Avvertenze e misure precauzionali

Nei seguenti casi, prima dell'inizio del trattamento è necessaria una consultazione medica:

  • insufficienza renale (clearance della creatina <50 ml/min, cfr. «Posologia/impiego»);
  • insufficienza epatica da lieve a moderata (cfr. «Posologia/impiego»);
  • carenza di glucosio-6-fosfato deidrogenasi (può provocare anemia emolitica);
  • utilizzo contemporaneo di medicamenti potenzialmente tossici per il fegato o che stimolano gli enzimi del fegato;
  • anoressia, bulimia, cachessia, iponutrizione cronica, carenza alimentare, sepsi (riserve ridotte di glutatione epatico) (cfr. «Posologia/impiego»);
  • disidratazione, ipovolemia.

Dosaggi più elevati di quelli raccomandati comportano il rischio di un danno epatico molto grave.

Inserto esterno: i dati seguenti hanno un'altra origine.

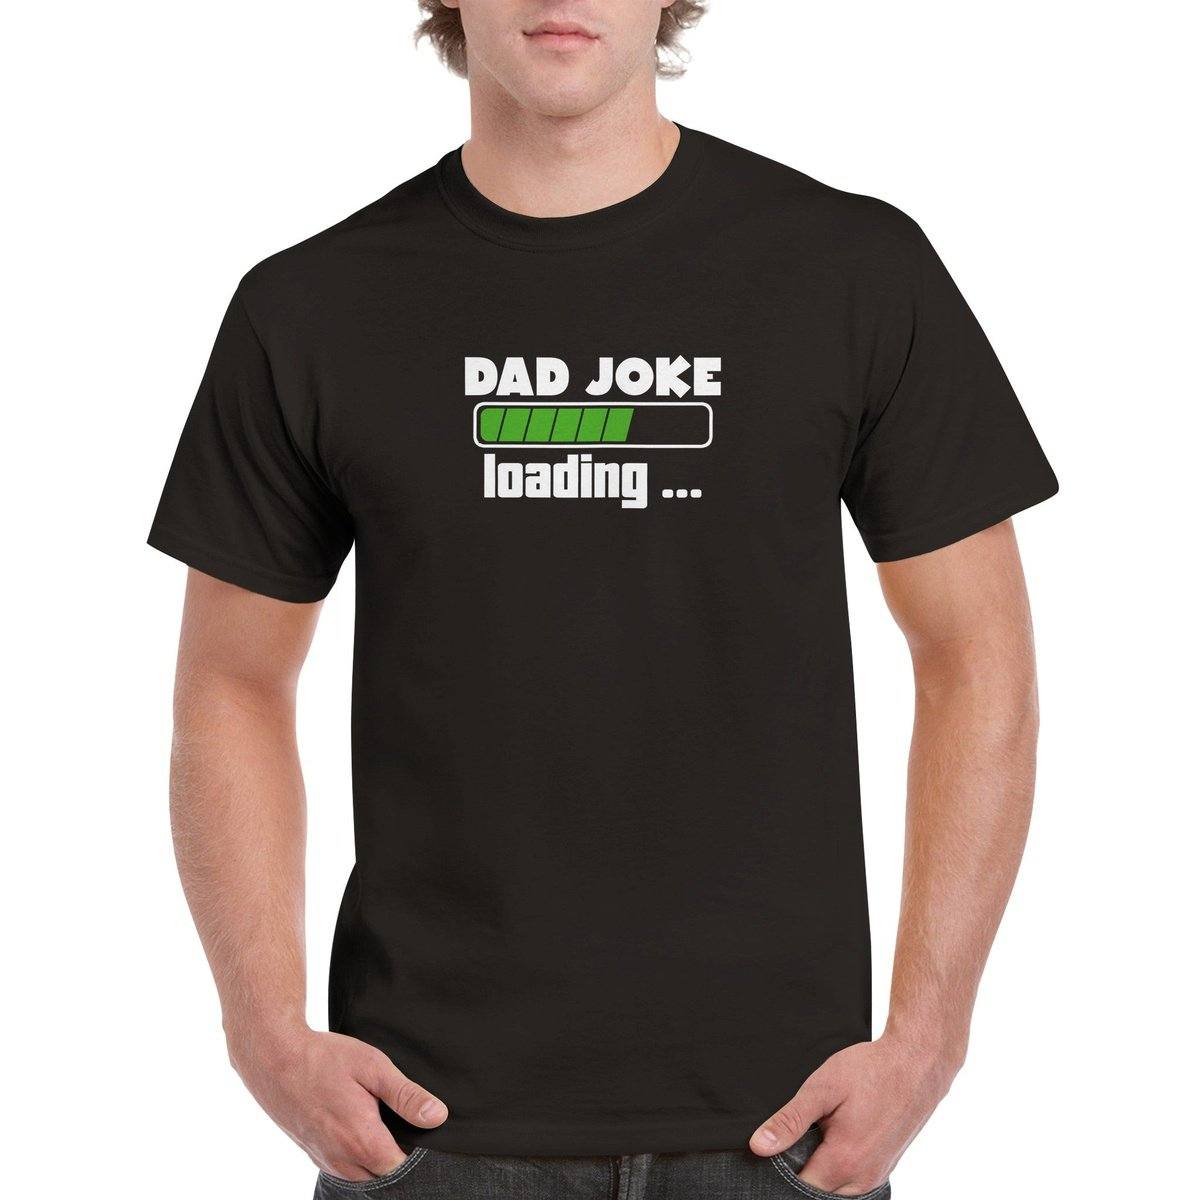 Dad Joke Loading T-SHIRT Australia Online Color

I sintomi clinici di un danno epatico diventano visibili generalmente 1 o 2 giorni dopo un sovradosaggio di paracetamolo. L'apice del danno epatico può essere osservato solitamente dopo 3 o 4 giorni. Il trattamento con un antidoto deve essere iniziato il prima possibile (cfr. «Posologia eccessiva»).

Sono stati riportati casi di acidosi metabolica con gap anionico aumentato (HAGMA) dovuta ad acidosi da acido pirrolidoncarbossilico (5-ossoprolina) in pazienti affetti da malattie gravi, come insufficienza renale grave e sepsi, o in pazienti con malnutrizione o altre cause di carenza di glutatione (ad esempio, alcolismo cronico) trattati con una dose terapeutica di paracetamolo per un periodo prolungato o con una combinazione di paracetamolo e flucloxacillina.

In caso di sospetta HAGMA dovuta ad acidosi da acido pirrolidoncarbossilico, si raccomanda la sospensione immediata del paracetamolo e un attento monitoraggio. La misurazione dell'acido pirrolidoncarbossilico (5-ossoprolina) nelle urine può essere utile per identificare questa acidosi come causa sottostante di HAGMA nei pazienti con molteplici fattori di rischio.

Se dopo la somministrazione di paracetamolo continua ad essere utilizzata la flucloxacillina, si raccomanda di accertarsi che non vi sia alcun segno di acidosi metabolica con gap anionico aumentato, poiché vi è la possibilità che la flucloxacillina preservi inalterati i sintomi della acidosi metabolica con gap anionico aumentato (cfr. il capitolo «Interazioni»).

Il paracetamolo può scatenare reazioni cutanee gravi quali la pustolosi esantematica acuta generalizzata (AGEP), la sindrome di Stevens-Johnson (SJS) e la necrolisi epidermica tossica (TEN), che possono essere letali. I pazienti devono essere informati dei sintomi delle reazioni cutanee gravi e l'uso del medicamento deve essere interrotto al primo manifestarsi di reazioni cutanee o di altri segni di ipersensibilità.

Si sconsiglia il consumo di alcol durante il trattamento. L'alcol può aumentare l'epatotossicità del paracetamolo, soprattutto in concomitanza di una carenza alimentare o iponutrizione. In tali casi, anche una singola dose terapeutica di paracetamolo può causare un danno epatico.

Il paziente deve essere avvertito del fatto che l'antidolorifico non può essere assunto regolarmente per un tempo prolungato senza prescrizione medica. In presenza di dolori persistenti sono necessari accertamenti medici.

I genitori di bambini devono essere avvertiti che gli analgesici non devono essere assunti costantemente per periodi di tempo prolungati senza prescrizione medica e che nei bambini la presenza di febbre elevata o di un peggioramento delle condizioni di salute rende necessario un tempestivo consulto medico.

Quando gli analgesici vengono assunti per un lungo periodo di tempo (>3 mesi) in pazienti con cefalea cronica con una frequenza di ogni due giorni o maggiore, potrebbe verificarsi una cefalea o un peggioramento della cefalea preesistente. Le cefalee causate da un'assunzione eccessiva di analgesici non devono essere trattate aumentando la dose. In questi casi, l'assunzione di analgesici deve essere interrotta in consultazione con il medico.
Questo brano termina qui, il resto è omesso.